Since October 2020, South Africa and India have called for intellectual property rights for coronavirus vaccines to be temporarily lifted so they can boost production to address the gaping inequality in access between rich and poor nations.
But Friday's compromise fell short of their earlier requests that the waiver apply to all countries -- and also cover Covid tests and treatments.
Under the terms of the new deal, WTO members have six months to decide on whether to extend the measures "to cover the production and supply of Covid-19 diagnostics and therapeutics".
"This does not correspond to the initial request," said Jerome Martin, the co-founder of the Drug Policy Transparency Observatory, pointing to the fact that the deal only includes developing countries.
"We have to see what it does in the field, but it is not ambitious at all," he told AFP.
- 'Disappointing' -
James Love, director of Knowledge Ecology International, said it was "a limited and disappointing outcome".
"The fact that the exception is limited to vaccines, has a five-year duration and does not address WTO rules on trade secrets makes it particularly unlikely to provide expanded access to Covid-19 counter-measures," he said in a statement.
"The pressure this week was to reach consensus in order to make multilateralism look like it works, which seems to have been the main justification for producing this decision."
Max Lawson, co-chair of the People's Vaccine Alliance and Oxfam's head of inequality, singled out Switzerland, Britain and the European Union for "blocking anything that resembles a meaningful intellectual property waiver".
"The conduct of rich countries at the WTO has been utterly shameful," he said.
The agreement also disappointed the pharmaceutical lobby group IFPMA, which warned that "dismantling" patent protections would strangle innovation.
"The single biggest factor affecting vaccine scarcity is not intellectual property, but trade. This has not been fully addressed by the World Trade Organization," said IFPMA's director general Thomas Cueni.
And while vaccine doses were scarce early in the pandemic, that is no longer the case.
Nearly 14 billion doses had been produced worldwide as of mid-June, according to research group Airfinity.
As supply soars, some vaccine makers like the giant Serum Institute of India have stopped producing doses due to falling demand.
Yet many developing countries still lag far behind the rest of the world in vaccination rates.
While 60 percent of the world's population has received two vaccine doses, that number falls to 17 percent in Libya, eight percent in Nigeria and less than five percent in Cameroon, according to the World Health Organization.

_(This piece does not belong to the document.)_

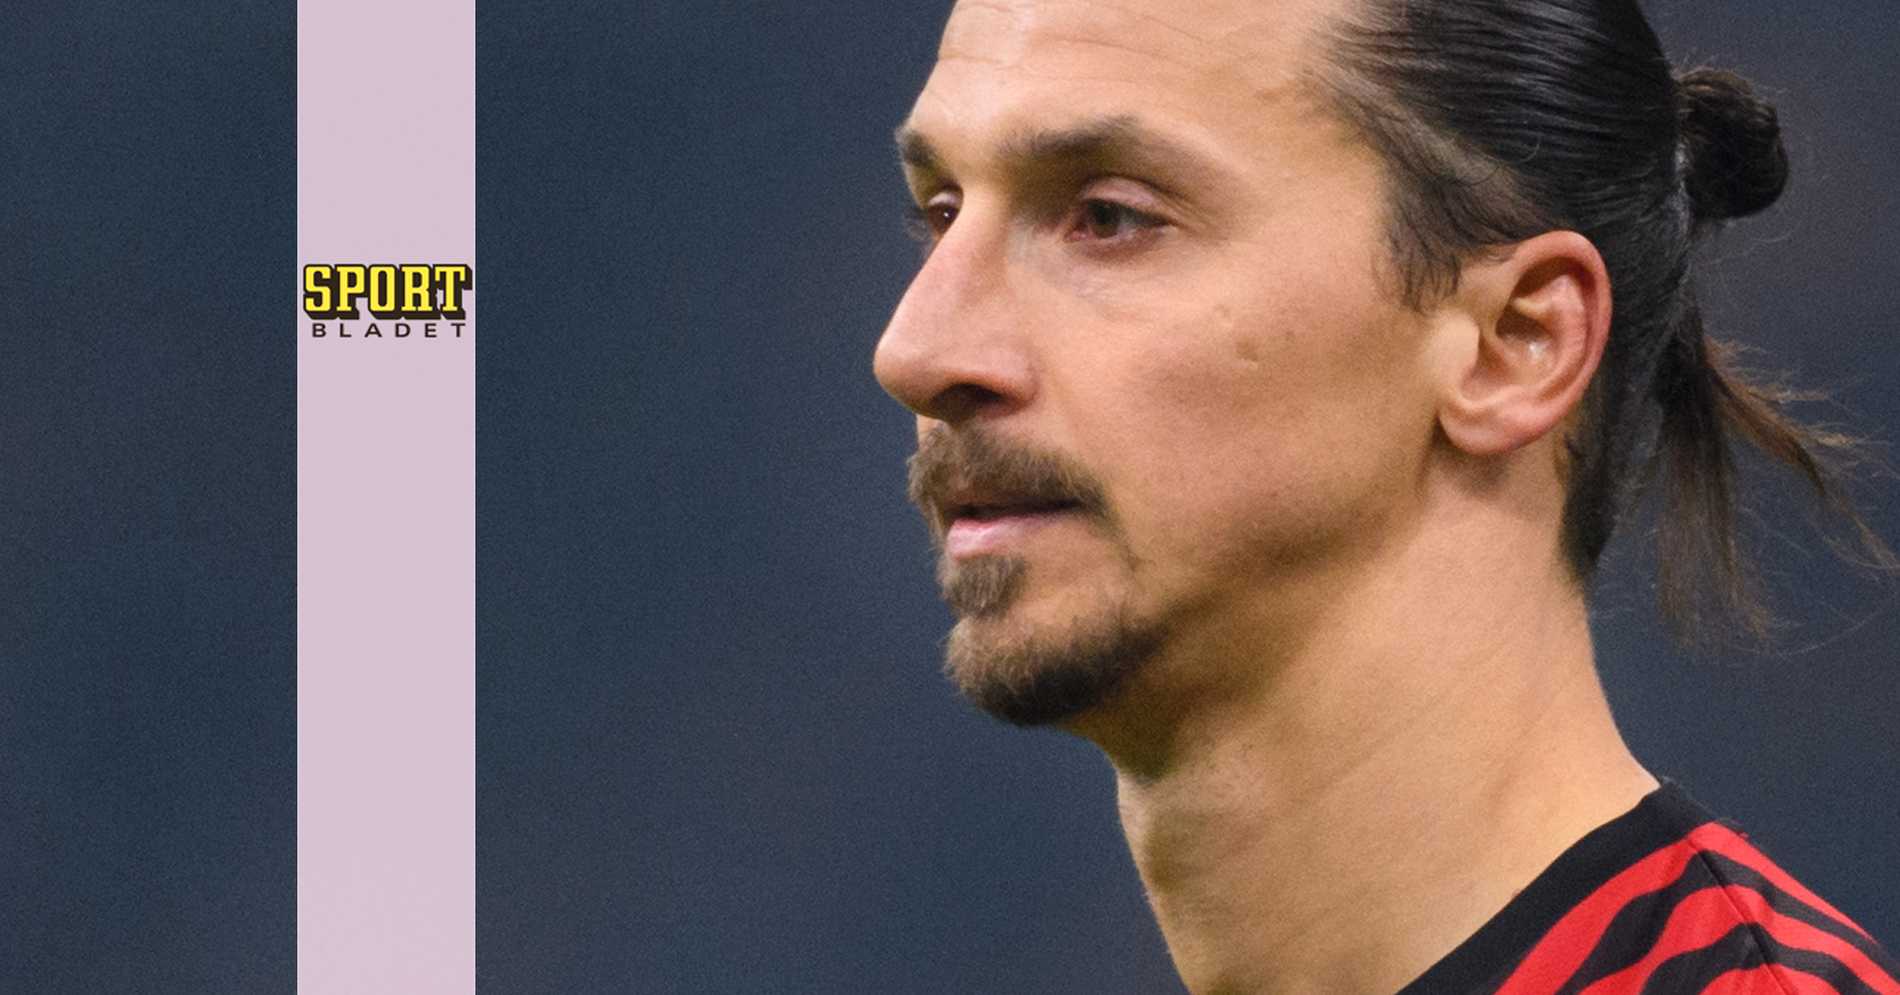 Zlatan tvingas spela inför tomma läktare

Pharma groups have said that the logistics involved in distributing vaccines in developing countries is a far bigger hurdle to rolling out doses.
- 'Wealthy countries failed' -
Even India, which fought long and hard for the waiver, expressed doubts about whether the final compromise deal would have an effect.
Earlier this week, Indian Commerce and Industry Minister Piyush Goyal said that "my own feeling is, not a single factory, not one, will ever come up with the agreement that we are finally trying to negotiate and which may get approved."
"It is just too late," he said in a statement.
It marks the first time the WTO has temporarily lifted patents on vaccines, though in 2001 it set up a compulsory licensing mechanism for HIV treatments.
Francois Pochart, a patent specialist at the August Debouzy law firm in Paris, said that the new WTO agreement is "a step forward" compared to those compulsory licences.
"Countries can decide on their own without having to make a request. The real novelty is that this waiver allows the country that produces the vaccine to also export to other markets, to another eligible member," he said.
But Christos Christou, the president of Doctors Without Borders, branded the deal "a devastating global failure".
"Despite lofty political commitments and words of solidarity, it has been discouraging for us to see that wealthy countries failed to resolve the glaring inequities in access to lifesaving Covid-19 medical tools for people in low- and middle-income countries."